For hybridoma selection, the prepared CCP peptide and CRP peptide were first dilute in PBS or carbonate buffer to a final concentration of 250 ng / well. The diluted solution was incubated in a 96 well plate at 50 ul for 2 hours at room temperature and overnight ^at 4 ^° C. Thereafter, 200 ul of PBS was added to each well and washed. When washing, turn the _piate upside down to let all the solution inside out, and then drop the piate on a paper towel to completely remove the solution. The supernatant of the media on which hybridoma cells were grown was harvested, diluted 1: 1000, and put in 100 ul in each well, followed by incubation at room temperature for 2 hours. Thereafter, the above washing process was repeated four times using PBS, and then 100 ul was added to each well using the HRP-linked antibody as a secondary antibody among the antibodies capable of recognizing Mouse IgG. The antibody used at this time was used by diluting 1; 5000. Put the secondary antibody in this way and incubate at room temperature for 1 hour 4 times Washed. After washing, the excess of the remaining solution was completely removed, and 100 ul of HRP substrate was added to each well, and then incubated for 30 minutes while blocking the light to induce color reaction. After 30 minutes, a stop solution was added and the color development was measured in single point photo mode at 450 nm wavelength. In this experiment, 3,3 ', 5,5'-tetramethyl benzidine (TMB) was used as substrate for HRP generation, and 0.16 M sulfuric acid was used as a stop solution.
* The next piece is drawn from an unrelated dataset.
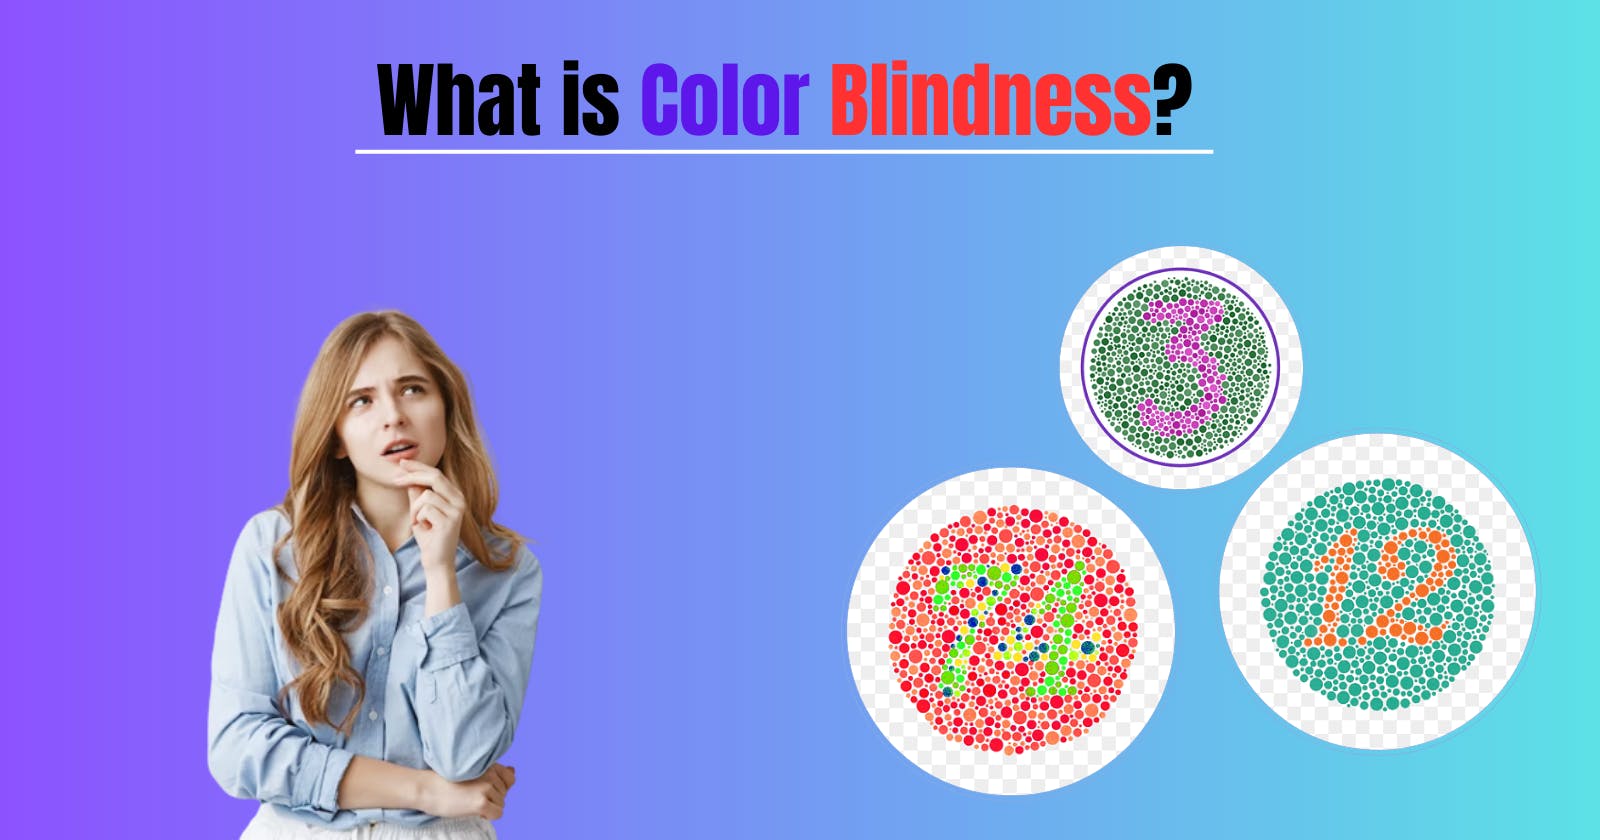 Color Blindness

Thereafter, two clones 11G1 and 12G1 were obtained in the final step through repeated screening with CCP and ^' CRP from hybridoma cells (FIGS. 7 and 8). 6 to 8 show the binding strengths when the anti-CCP antibody recognizes and binds the target peptide, CCP, in each screening step of the hybridoma. Values marked with (+) and (-) mean positive and negative control values in each experiment. Based on this, each hybridoma clone is measured to determine how effective anti-CCP is secreted, and then it is repeated. Two clones 11G1 and 12G1 were selected in such a way as to induce clones that effectively secrete anti-CCP-only clones to form a specialized cell line by subculture. was deposited in three ^"Line research Foundation (28-dong Jongno-gu, Seoul National University college of Medicine Yeongeon cancer Institute), it was given the accession number KCL F-BP- 00276. In addition, the monoclonal antibody produced in the 12G1 hybridoma cell line was named 12G1, and the variable region sequence of the heavy chain 'variable region having the amino acid sequence of SEQ ID NO: 3 and SEQ ID NO: 4 The light chain variable region having an amino acid sequence could be identified. Example 2 Detection of Citrineylated Protein in Tissue of Rheumatoid Arthritis (Immunohistochemical Staining)

In order to diagnose rheumatoid arthritis by detecting the presence of citlinated autologous antigen in a specimen sample, the antibody 12G1 according to the present invention is used to detect a sithrolated peptide present in the tissue of a patient with rheumatoid arthritis. Whether specific detection was possible was confirmed by immunohistochemical staining.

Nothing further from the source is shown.